Bem, gostaria de dizer alguns sinais pelos quais vemos o Reino se instalando entre nós. Levo em consideração muito da sociologia contemporânea e quase nada do que essas esperanças aí de cima almejam:
- As causas pelas quais viemos morrendo, todas em busca de um reino mundano, estão em falência: a igreja, a causa revolucionária, a pátria;
- A família vem se tornando cada vez menor, e os pais se dedicando com mais afinco e amor aos poucos filhos. Eles passam a ser nosso motivo de sacrifício;
- As barreiras das nações vem se pulverizando e tornando o encontro entre povos cada vez mais fácil (e difícil). O desafio, nos diz Zygmund Bauman, é construir, como nunca antes na história da humanidade, uma "comunidade da humanidade";
- A nossa identidade de povo vem se tornando mais fluida, e cada vez mais tendo de aceitar o outro em nós, tentando entender qual o espaço que ele pode (deve?) ocupar aqui dentro;
- A liquidez do mundo vem servindo para relativizar as crenças e destronar as castas;
- O conhecimento vem se tornando de todos e cada vez mais sendo entregue para que todos descubramos juntos o que vale a pena;
- A preocupação ética entrou nos imperativos da ciência e não tem mais como sair;
- A filosofia, em toda parte, vem resgatando os sentidos das grandes espiritualidades de todos os tempos. O terceiro milênio será da espiritualidade (laica ou não) ou não será. Mesmo o materialismo, inimigo dos espiritualistas há tanto tempo, procura o espírito, a seu modo;
- Aumenta-se a busca das pessoas pelos valores do espírito, por isso que as reflexões morais e metafísicas (sobre o bem, sobre o mal, sobre a felicidade) voltam a chamar a atenção. No meio do século passado era a política. Já não mais;
Esse movimento não vem se instalando sob os cuidados de qualquer oligarquia. As inovações nascidas do espírito humano cavalgam sem rédeas, espaço perfeito para atuação de inteligências supremas.

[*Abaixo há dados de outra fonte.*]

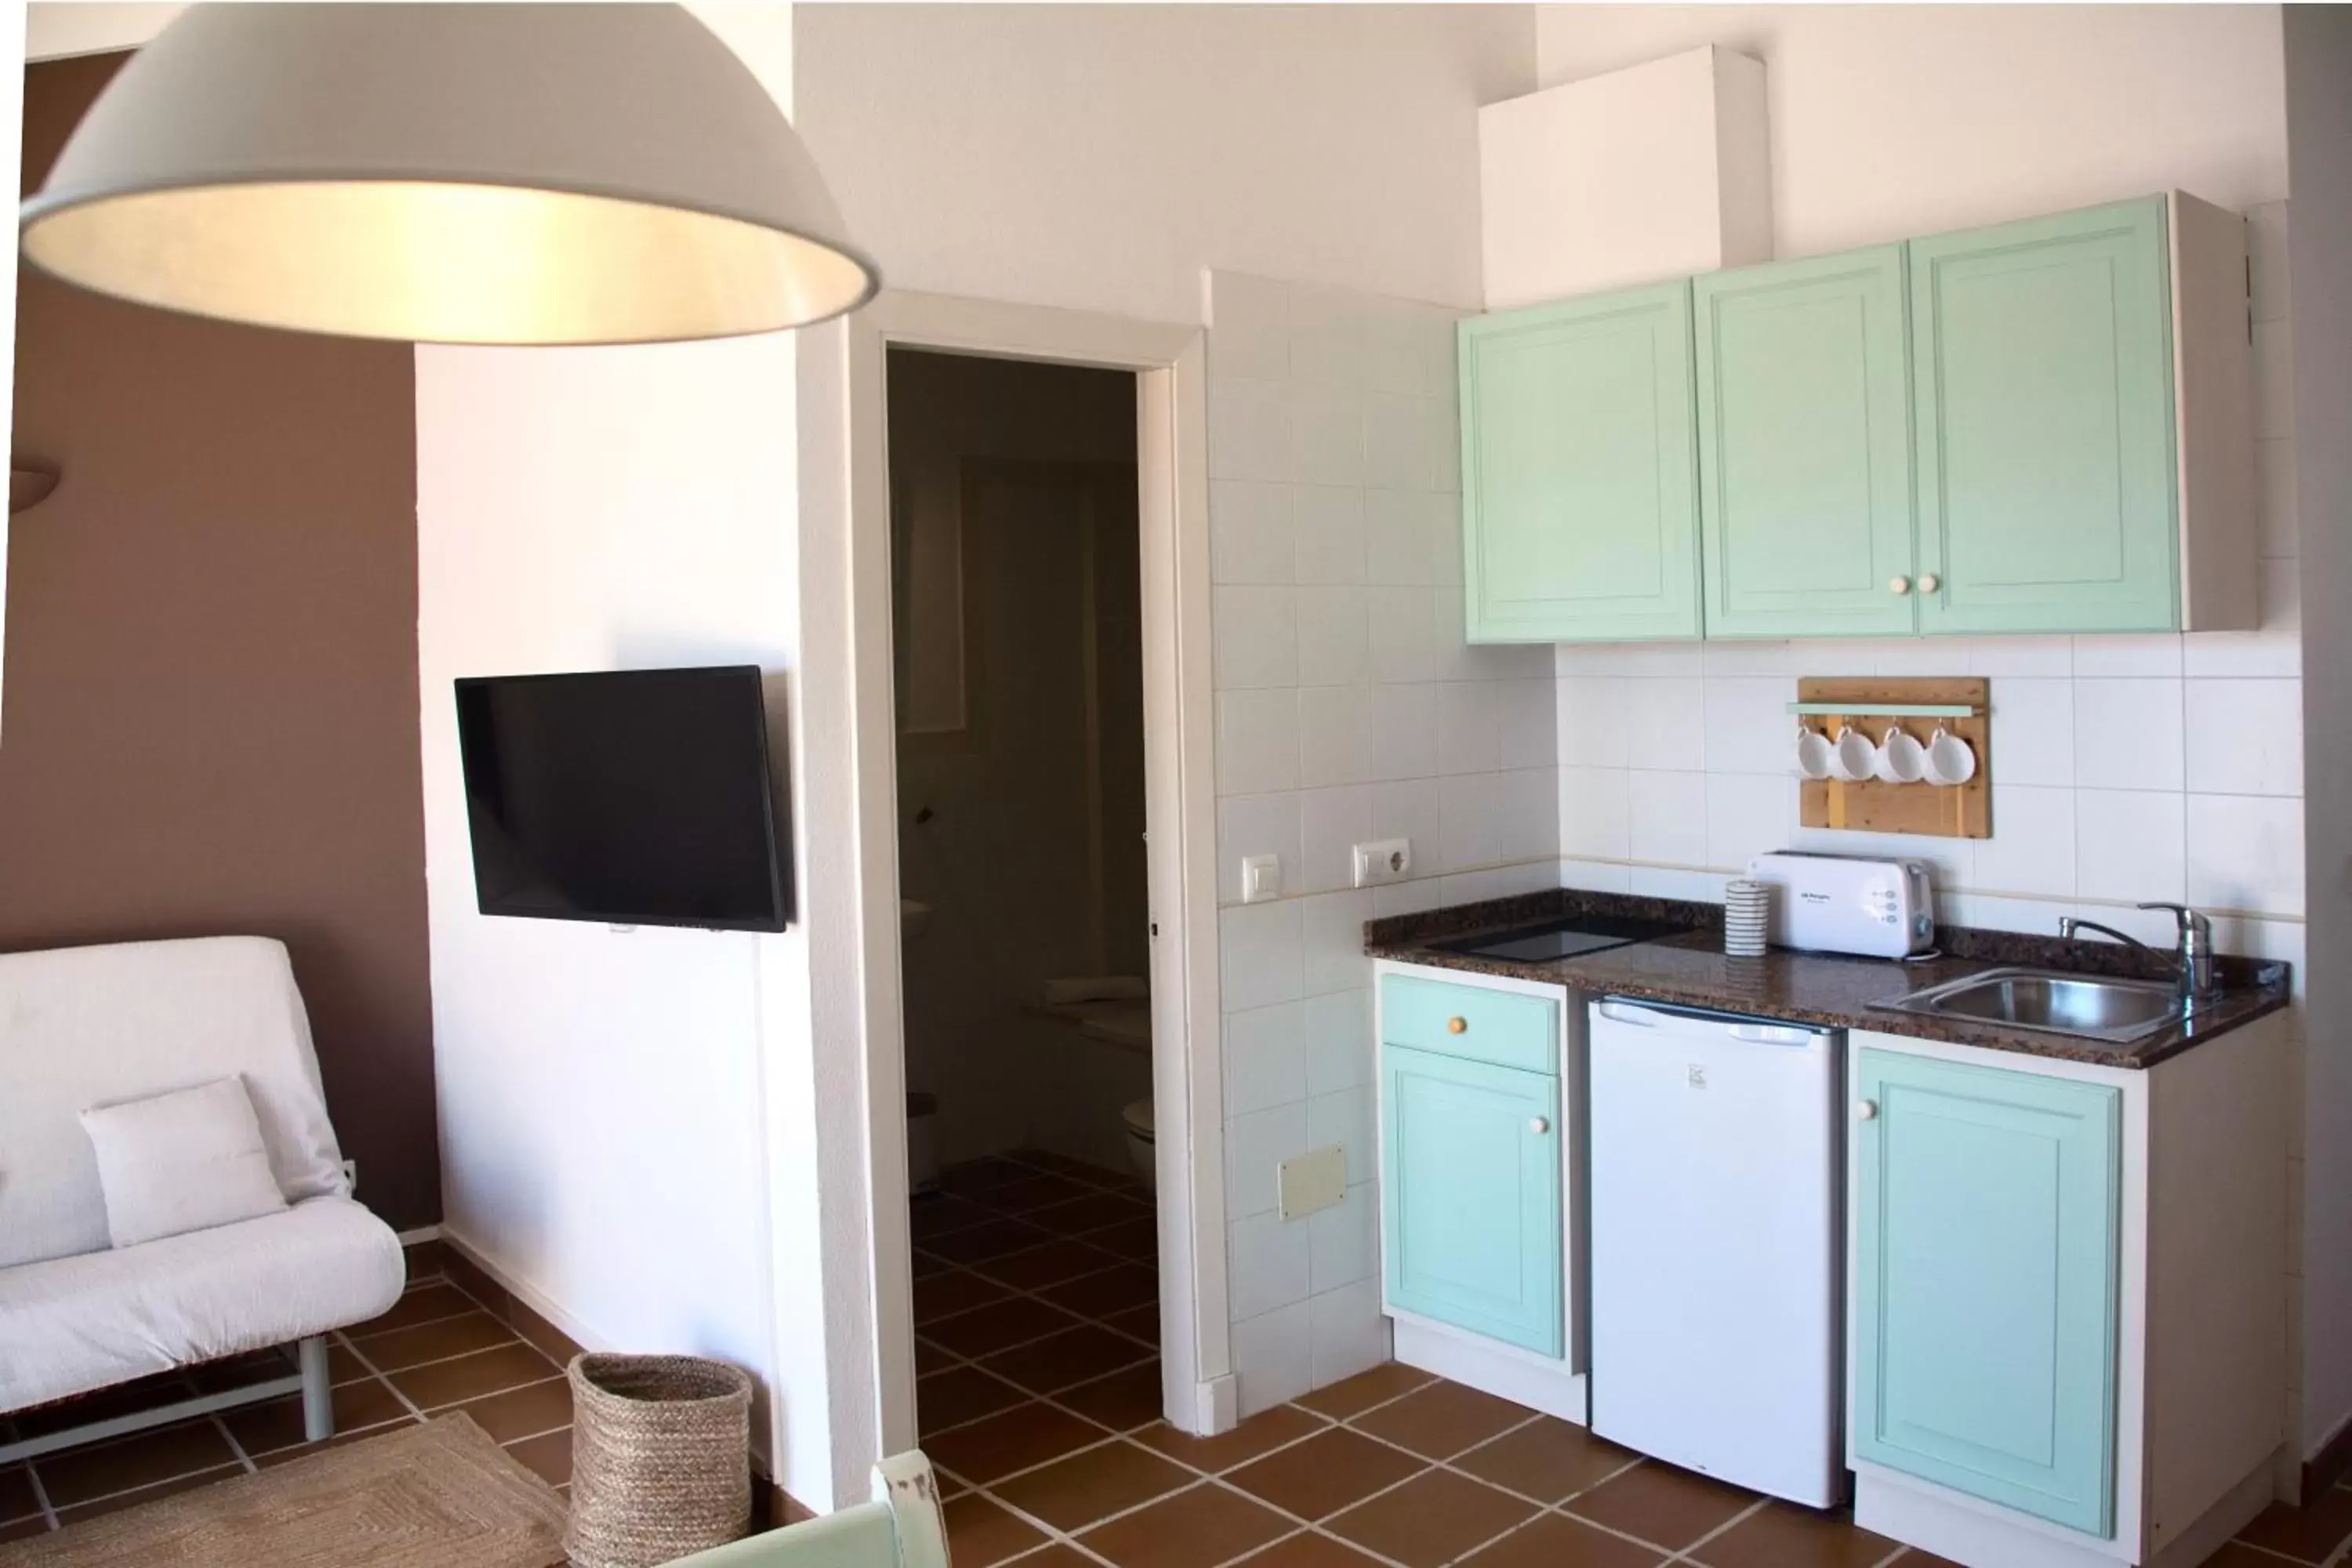 Kitchen or kitchenette, Kitchen/Kitchenette in Nuramar Resort & Villas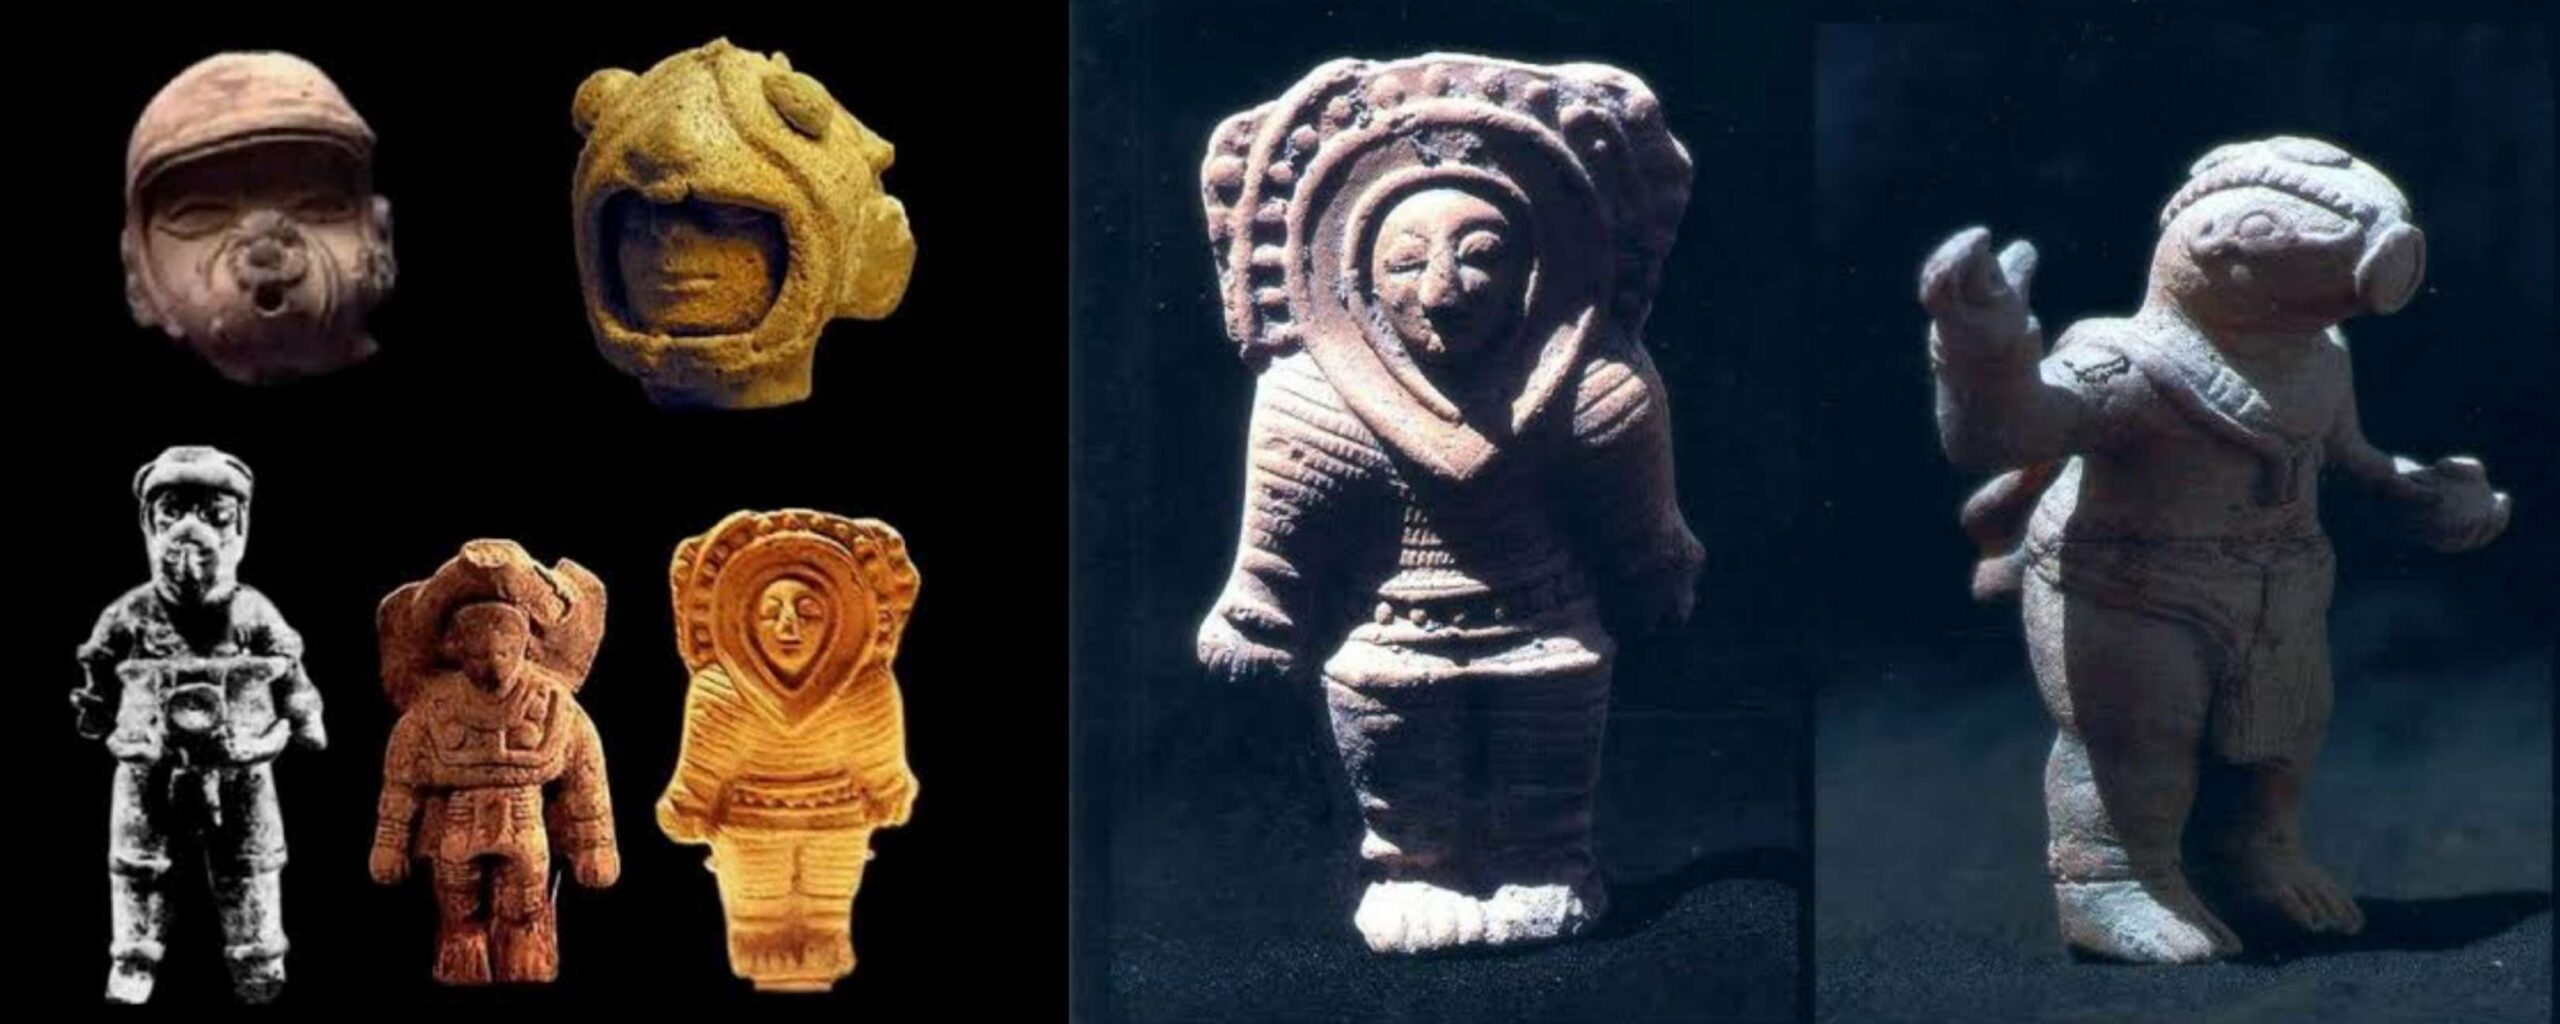 Apakah orang Maya dikunjungi oleh astronot kuno? 3

Os socialistas abominam o mercado, mas querem construir a própria ditadura, assumindo as rédeas da história (e da economia) com a própria concepção de "o que deve ser o mundo melhor", ignorando a grandeza de cada indivíduo singular. As pessoas vêem estarrecidas novos extrema-direita subir ao trono, mas tudo é fruto do medo da maioria de se deixar abrir. E vêm a xenofobia e as leis de proteção e insulamento. Era o que Herculano Pires chamava de "os atalhos do Reino". Mas, o céu não se conquista de assalto.
A história da humanidade pendula entre a genialidade de um povo (e o seu individualismo egoísta conseqüente) e o sentimento de pátria (e a massificação embrutecedora necessária para isso). É o desejo de liberdade de um lado e a busca de segurança de outro. Grosso modo, Atenas e Esparta. O Espiritismo aplaude o gênio e o esforço intelectual, o avanço da tecnologia, pois. Mas, espera o crescimento moral para o restabelecimento dos laços fraternos entre as pessoas. Nossa esperança e esforço, portanto, é a síntese desses dois extremos.
Não já há perfeição. Falta um tanto. Esclarecia Kardec, contudo, que "o que nos parece perturbações são os movimentos parciais e isolados que só nos parece irregulares porque nossa visão é circunscrita." Isso é um jogo de xadrez. Jesus e suas potestades contra os homens que sobem a própria ganância ao topo do mundo. Aos poucos, com tranquilidade, vai colocando os valores caducos em xeque.